Chronique de Mgr Jean-Michel di Falco Léandri – François parmi les loups

Publié le 9 Juin 2015

Dans sa chronique du dimanche 7 juin 2015, Mgr Jean-Michel di Falco Léandri présente le visage plein de miséricorde d'un pape François au milieu des loups. Serons-nous le soutenir ?

Bonjour,

J’ai lu il y a quelque temps le livre François parmi les loups du journaliste vaticaniste Marco Politi. Je l’ai connu lorsque j’étais à l’ambassade de France près le Saint-Siège à Rome et j’apprécie la pertinence de ses analyses. À la lecture de son livre, j’ai réalisé combien le pape François avait besoin de soutien face à ceux qui, même dans son entourage immédiat, critiquent certaines de ses prises de positions qu’ils jugent trop ouvertes et tentent de leur faire obstacle.
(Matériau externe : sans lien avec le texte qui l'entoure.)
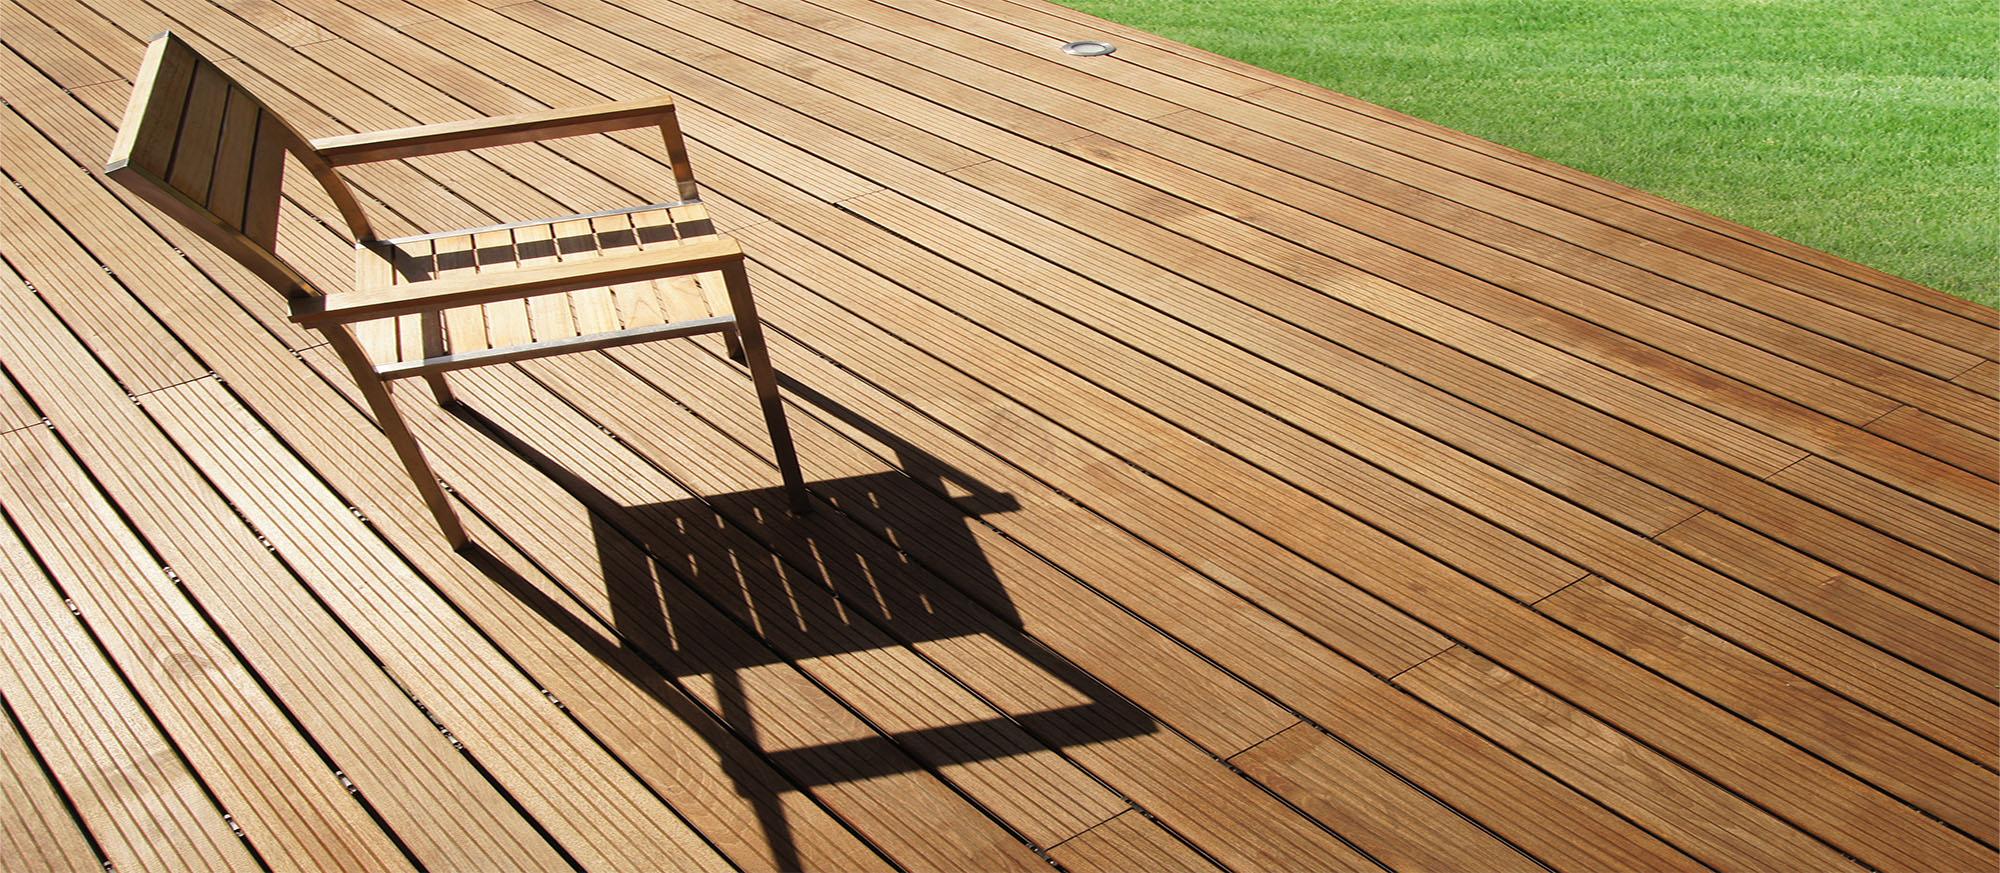 terrasse mobil home du soleil terrasses bois mobil homes et accessoire. Black Bedroom Furniture Sets. Home Design Ideas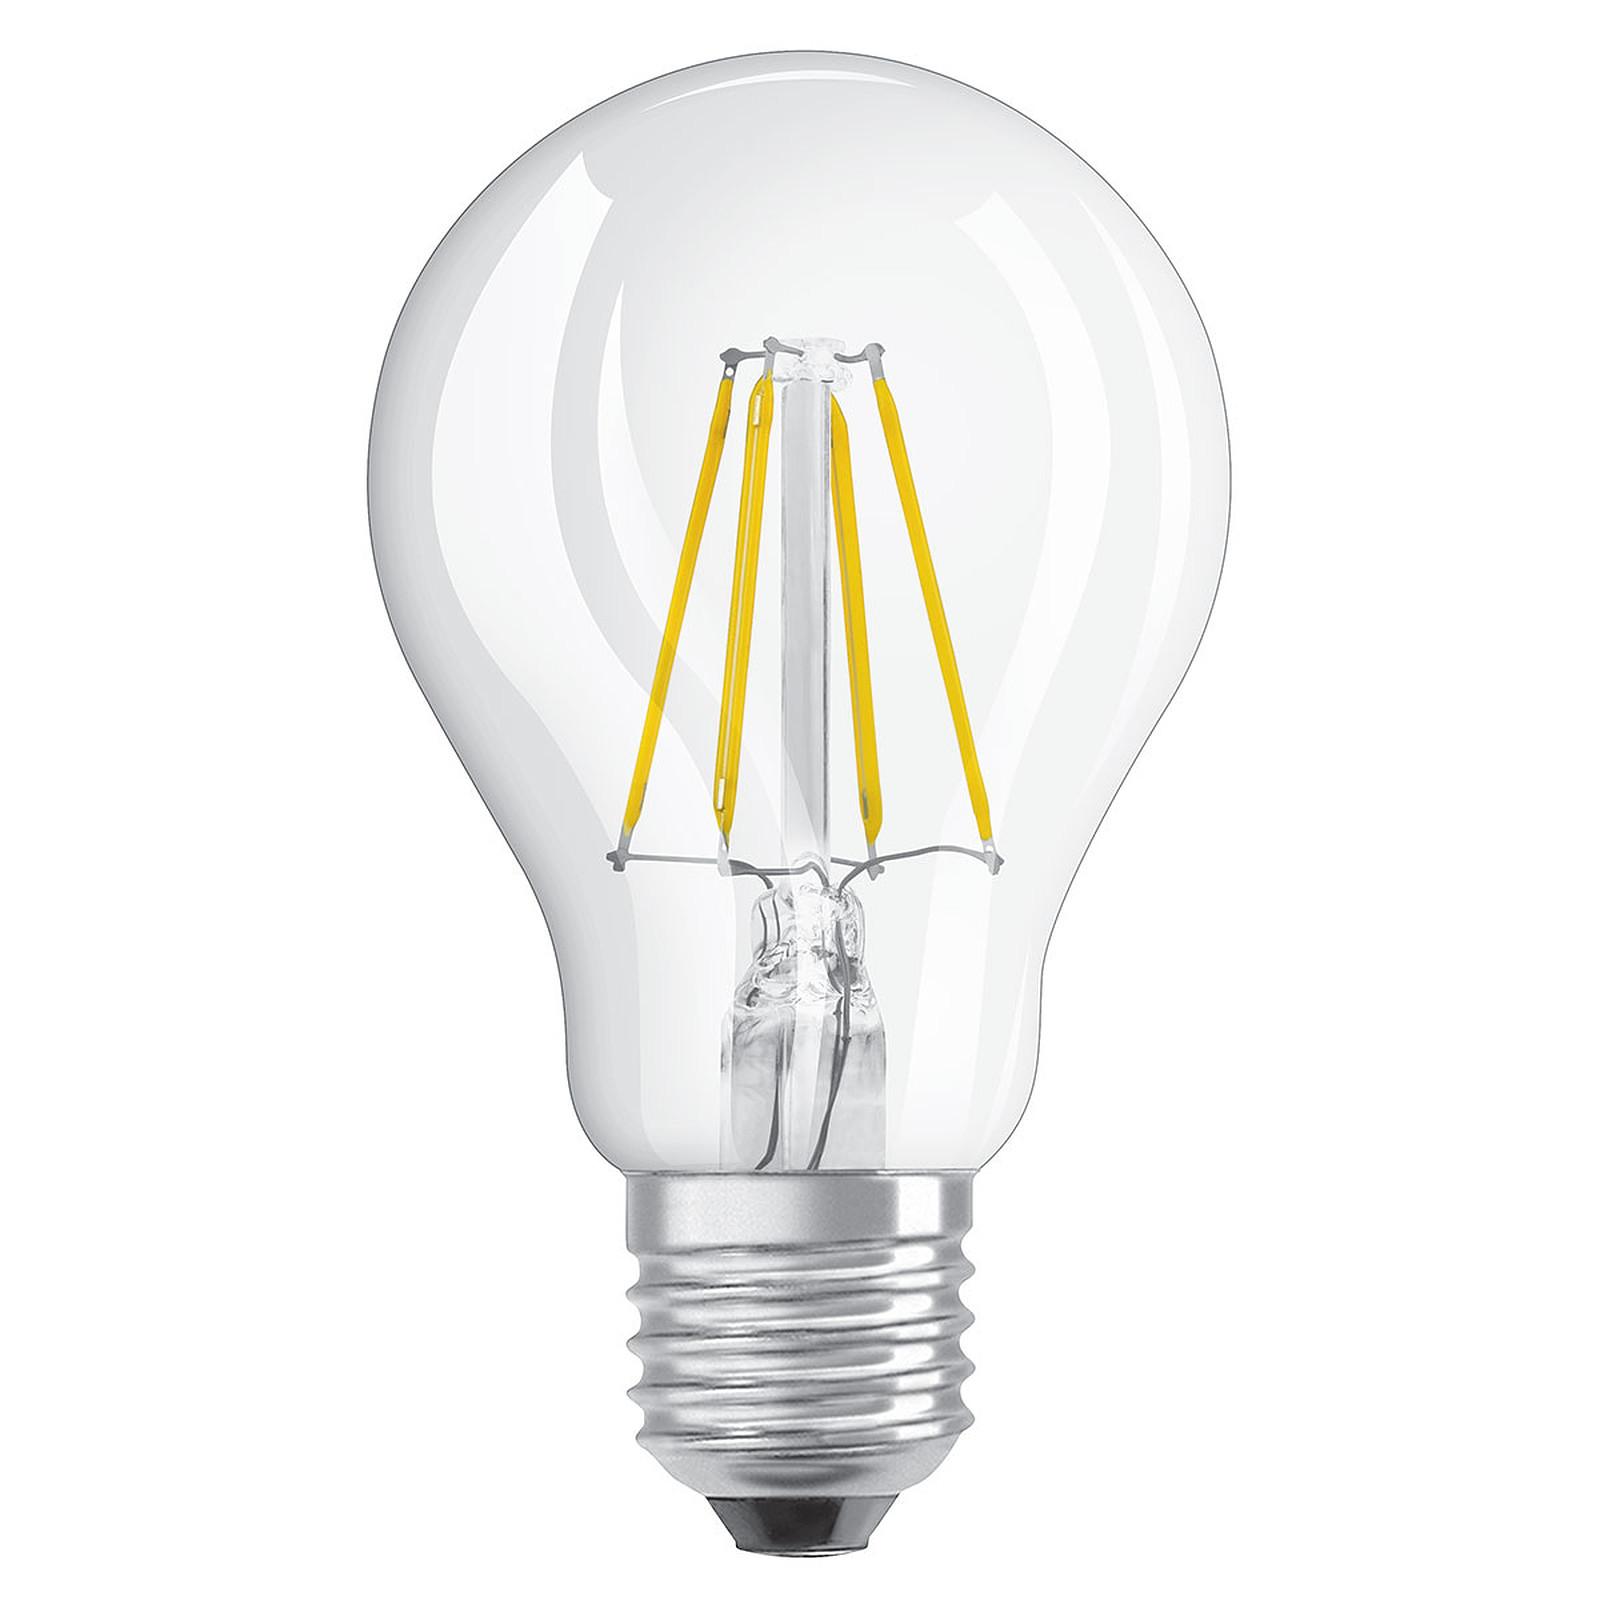 OSRAM Ampoule LED Retrofit standard E27 4W (40W) A++

Il a face à lui certains de ceux qui se crispent sur leur vérité, qui refusent tout débat et passent derrière lui pour refermer les portes et les fenêtres qu’il ouvre pour faire entrer dans l’Église un vent d’Espérance, pour ne pas dire le souffle vivificateur de l’Esprit.

Alors, c’est vrai, ça décoiffe !!!

Dans les années 90 lorsque j’étais porte-parole des évêques de France, je déplorais fréquemment que faute de débats à l’intérieur de l’Église ce soient les médias qui en prennent l’initiative. Le pape François non seulement souhaite les débats au cœur même de l’Église mais les encourage. Et les chrétiens de toutes sensibilités devraient s’en réjouir.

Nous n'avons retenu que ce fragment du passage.